James Pendleton Lichtenberger (10 June 1870 – 17 March 1953) was an American sociologist and academic. Lichtenberger served as the twelfth president of the American Sociological Association.

==Early life and education==
Lichtenberger was born on 10 June 1870 in Decatur, Illinois to Conrad H. and Anna Elizabeth Lichtenberger, née Nesbitt. Lichtenberger attended Eureka College and received a bachelor's degree in 1893. He soon after enrolled in the ministry of the Church of the Disciples of Christ and was a pastor in the church in Canton, Illinois from 1896 to 1899, after which we transferred to a congregation in Buffalo, New York. He remained in Buffalo until 1902, the year in which he left for Ohio to attend Hiram College and earn a Master of Arts degree.
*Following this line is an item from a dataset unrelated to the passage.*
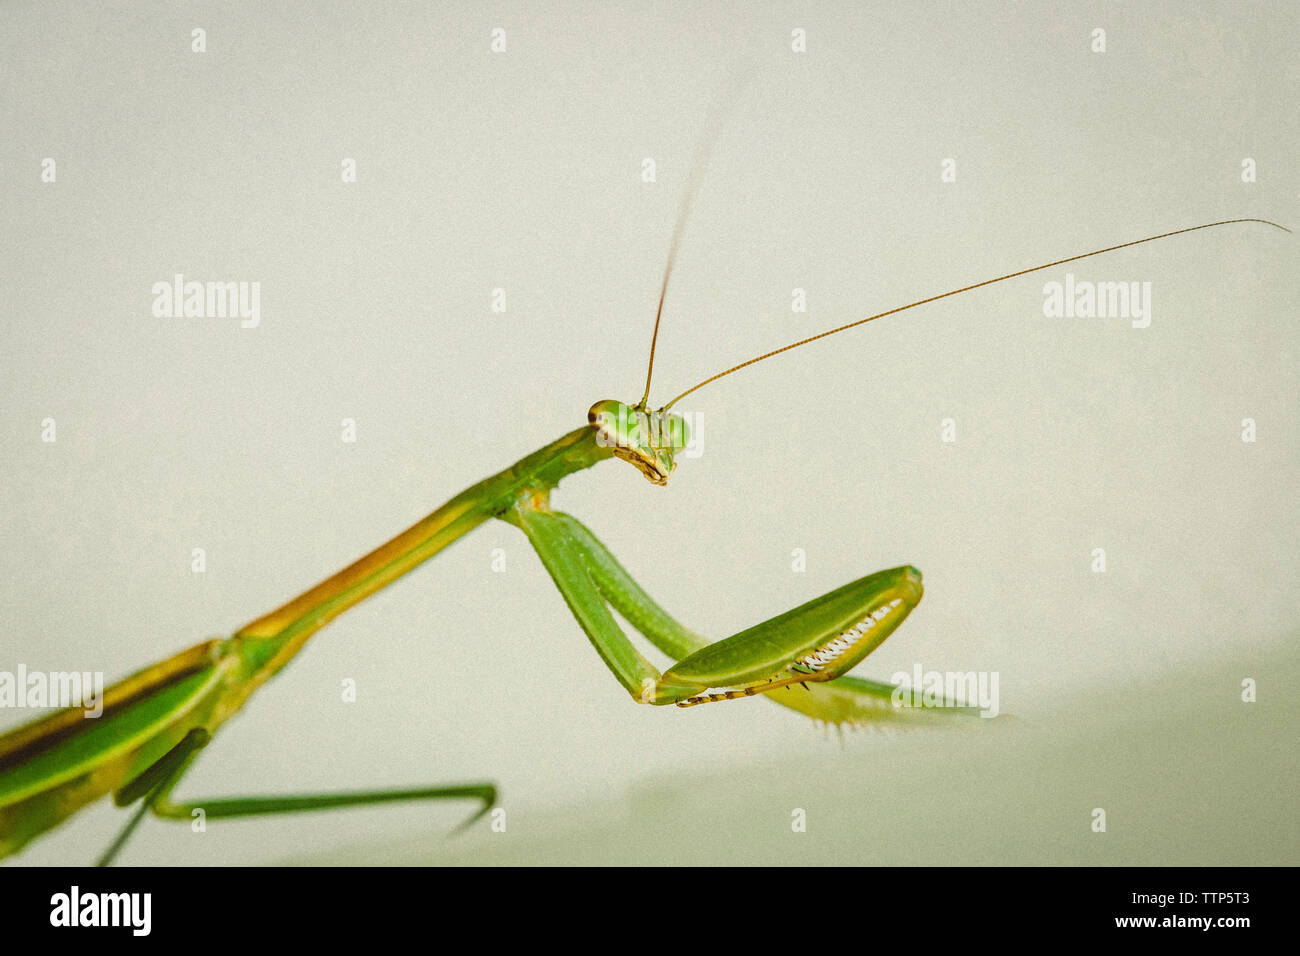 Close-up of grasshopper on white background Stock Photo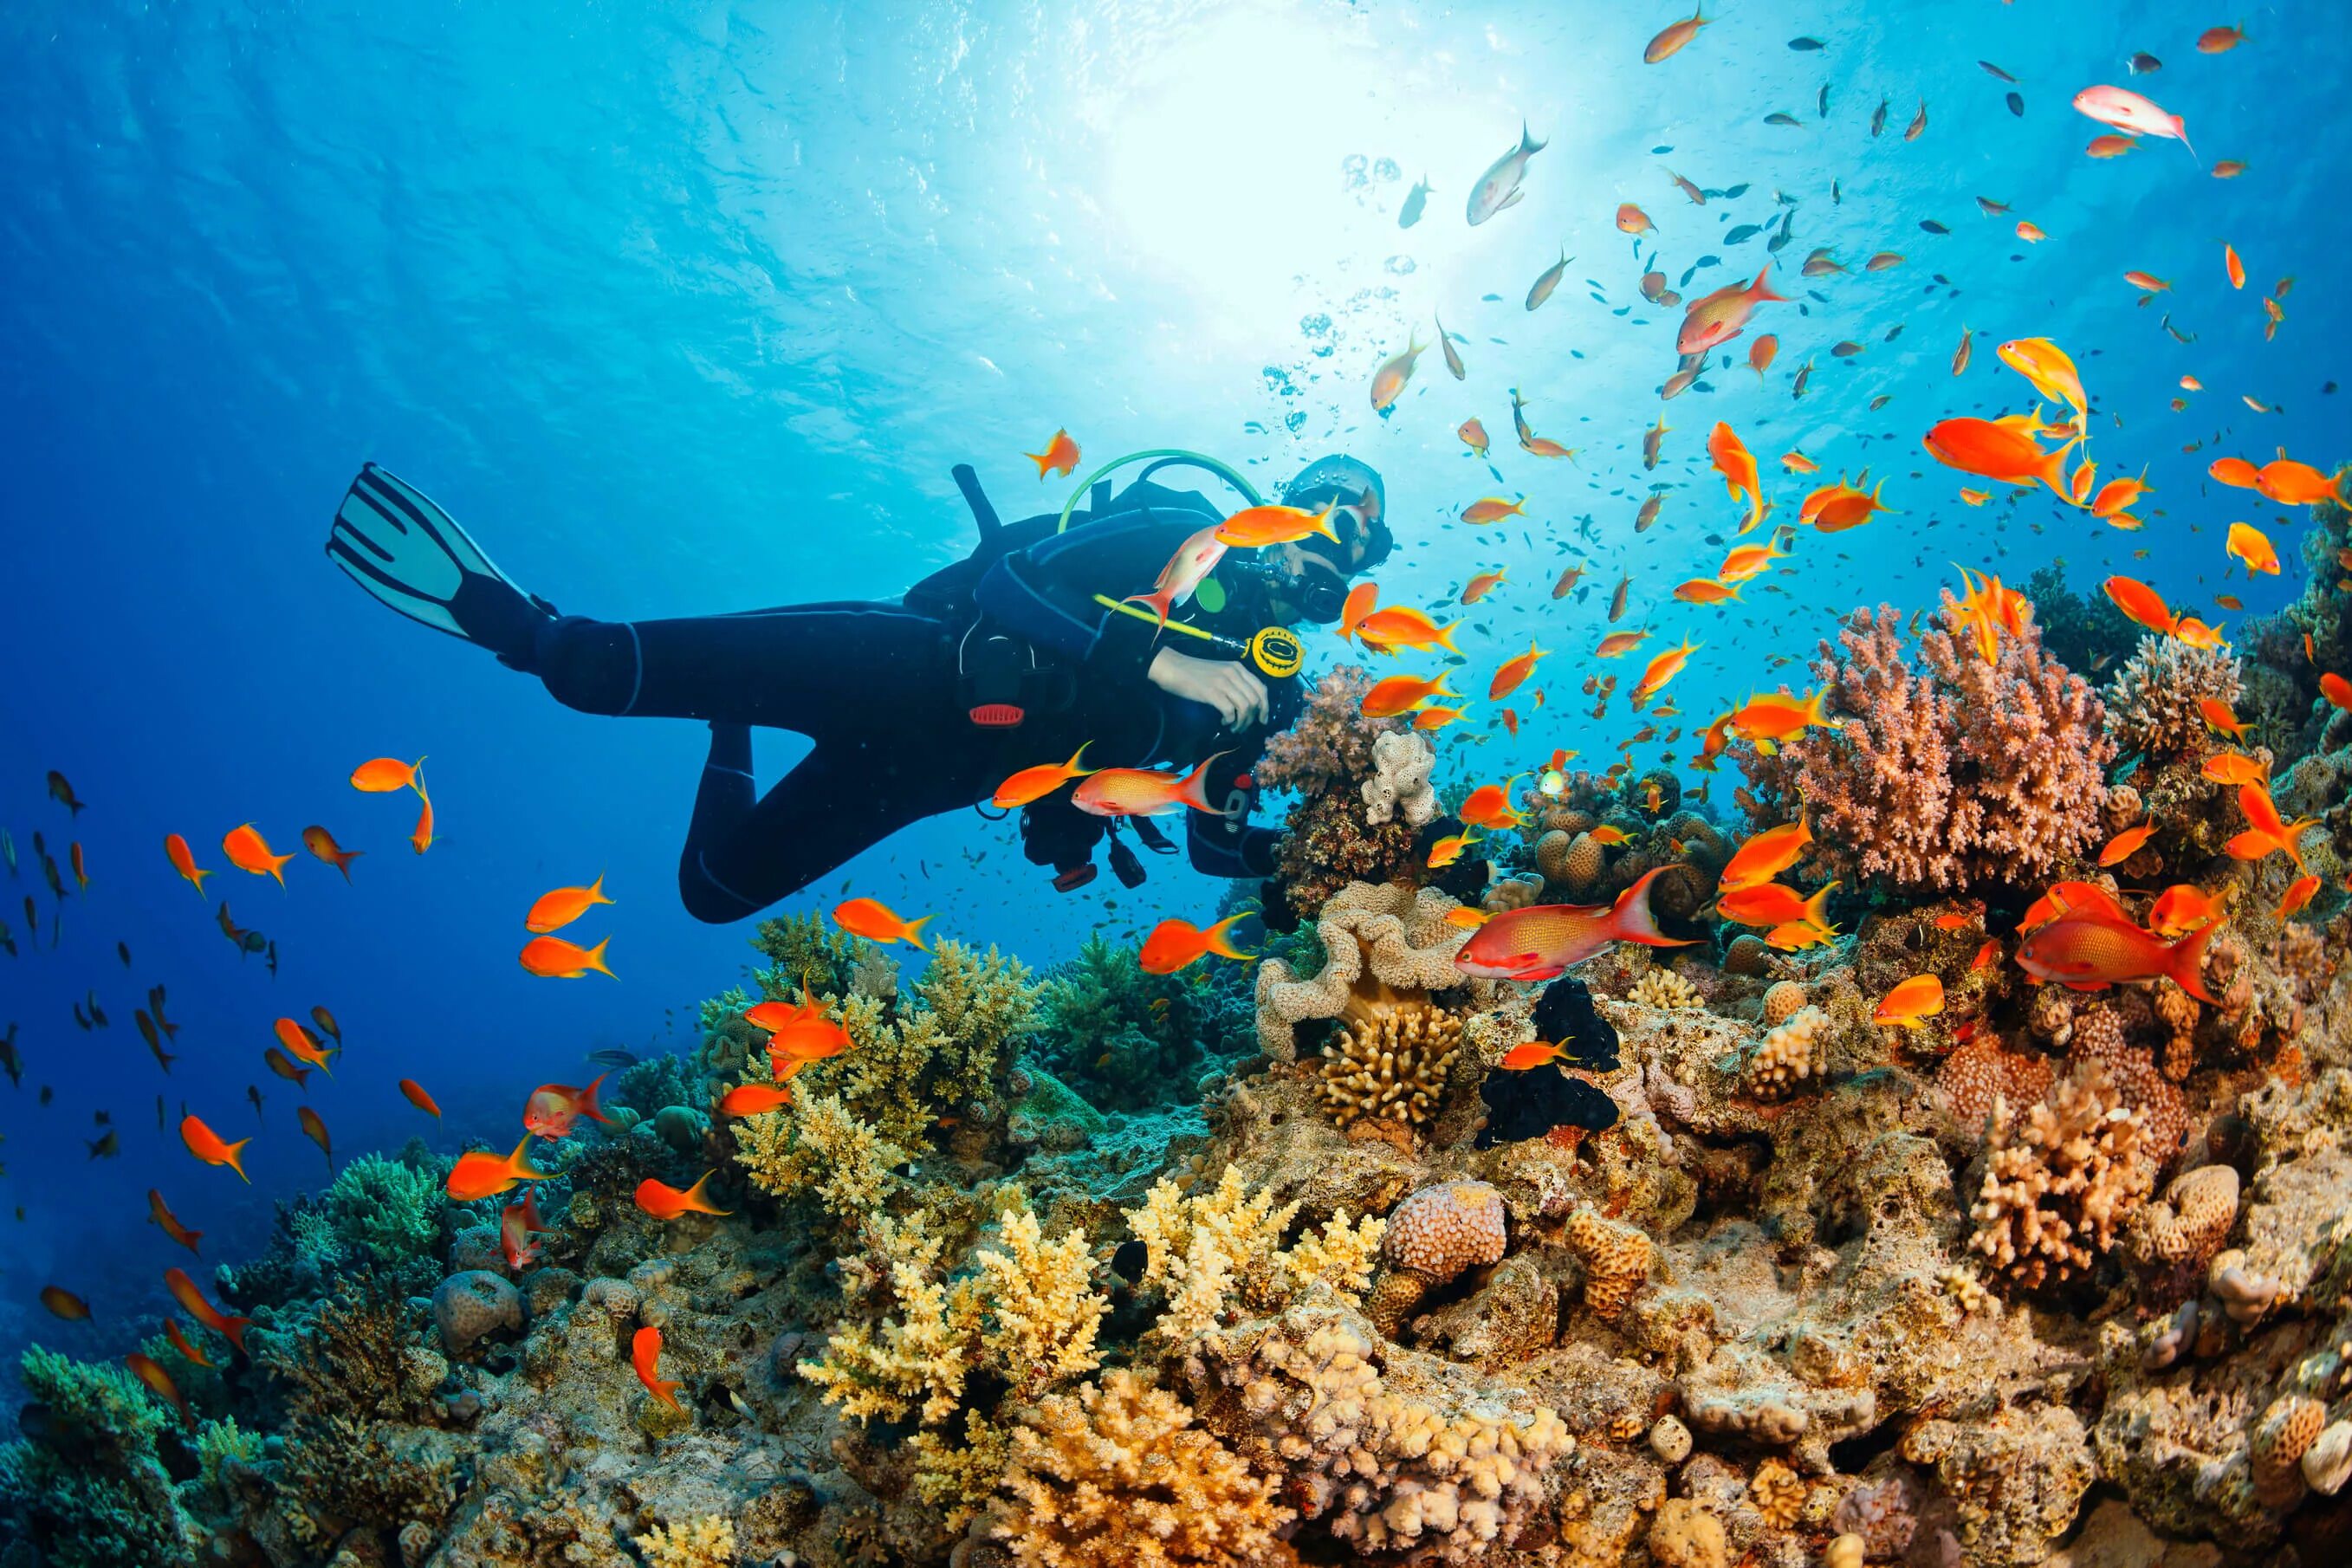 Reef tourism. Снорклинг Шарм Эль Шейх. Шарм-Эль-Шейх риф снорклинг. Подводный мир Египта Шарм-Эль-Шейх. Морской парк на рифах Туббатаха.

Following his graduation from Hiram College, Lichtenberger moved to New York City to maintain a congregation. Lichtenberger left his congregation in 1908 to take up a fellowship at the New York School of Philanthropy connected with Columbia University, which later became the Columbia University School of Social Work. While at the School of Philanthropy, Lichtenberger completed a dissertation in political science entitled Divorce: A Study in Social Causation in 1909, under the supervision of Franklin H. Giddings

==Career==
At the School of Philanthropy, Lichtenberger met sociologist Carl Kelsey. Kelsey, a professor at the University of Pennsylvania, arranged for an invitation to Lichtenberger to take up an assistant professorship at Penn. Lichtenberger accepted the invitation, and subsequently remained at the University of Pennsylvania his entire professional career.

In 1922, Lichtenberger served as president of the American Sociological Association (then, Society), and addressed the 1923 annual meeting in Chicago with his presidential address entitled "The Moral Dualism of Machiavelli." Lichtenberger also served as secretary of the American Academy of Political and Social Science from 1912 until his death in 1953, as well as an occasional editor of the academy's Annals between 1912 and 1918.

==Bibliography==
- Lichtenberger, James P. (1923). "Development of Social Theory"
- Lichtenberger, James P. (1931). "Divorce: A Social Interpretation"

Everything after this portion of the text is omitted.